Object assets are organized under a single assets root directory:
assets_root_path/
├── category_1/ ← asset category
│ ├── instance_1/ ← asset instance (.usd, asset_size.json, collision meshes)
│ ├── instance_2/
│ └── …
├── category_2/
│ └── …
└── …
- assets_root_path — top-level directory of all categories; passed as
--assets_root_pathto replay, annotation, and generation scripts. - Asset category — a subdirectory grouping related instances.
- Asset instance — a leaf directory with the actual asset files (
.usd,asset_size.json, …).
During teleoperation, objects are supplied per-object via the repeatable --asset NAME=PATH
flag (e.g. --asset pot=/abs/path/category/instance). The last two path components
(category/instance) are stored in the recorded HDF5; downstream scripts (replay, annotation,
MimicGen) reconstruct full paths by joining --assets_root_path with the stored
category/instance. This keeps datasets portable across machines — only --assets_root_path
changes — and lets objects in one scene come from different categories.
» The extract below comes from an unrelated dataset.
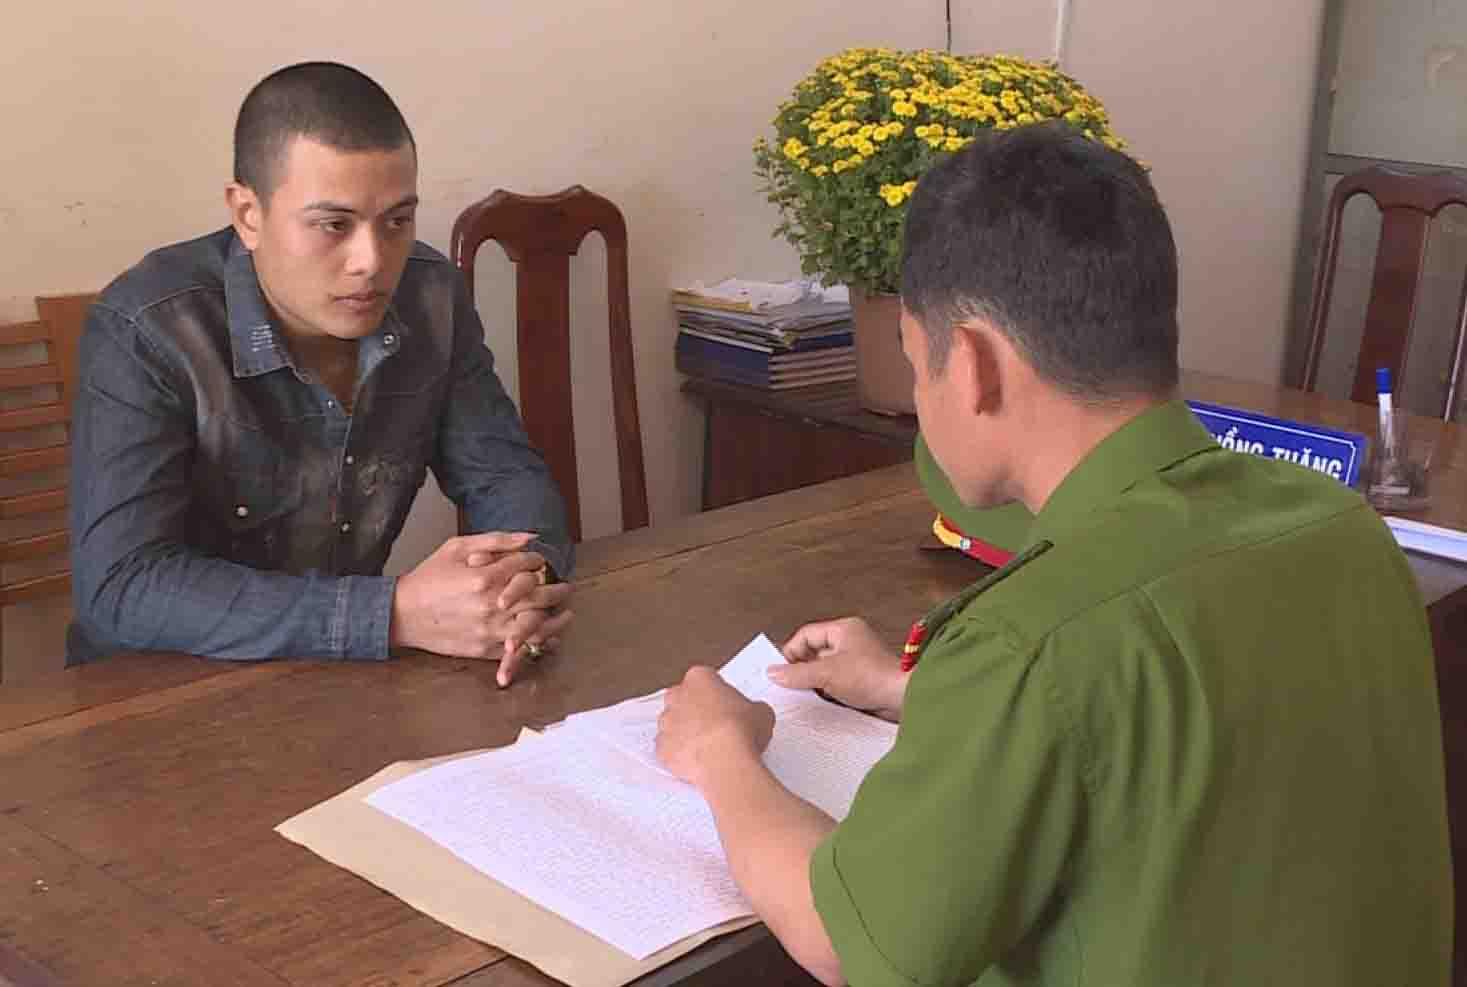 Đắk Lắk: Khởi tố đối tượng cho vay nặng lãi hù dọa người vay nợ

Every asset instance needs an asset_size.json next to its .usd. It holds the object's
world-space bounding-box size ({"size": {"x", "y", "z"}}), which the pipeline uses to rest
the object on the table at the right height and to size its randomization region. The assets from the
download links above already include it, so you only need to run this
for your own USDs:
# one asset instance
python scripts/precompute_asset_sizes.py --usd /path/to/category/instance/instance.usd
# or a whole category (one subfolder per instance)
python scripts/precompute_asset_sizes.py --dir /path/to/categoryCollect data one of two ways, then train and evaluate your own policy:
- State replay: teleoperation → replay (re-render observations from recorded states).
- MimicGen: teleoperation → annotate → generate (generate many demos from a few).
Domain randomization (--enable_domain_randomization with --hdris_path / --materials_path)
applies to the replay, generate, and evaluate stages only — teleoperation and
annotation run without it. Pass --help on any script for its full options.
Collect human demonstrations by driving the sim arms with the JoyLo leader. This needs the JoyLo hardware (Dynamixel leader arms + JoyCon) and a one-time motor calibration.
➡️ See joylo/README.md for the calibration step and the
follower/leader teleoperation commands.
No JoyLo hardware? Download the Teleop demos (HDF5) from Data & Downloads and start at Replay (4.2) or Annotate (4.3).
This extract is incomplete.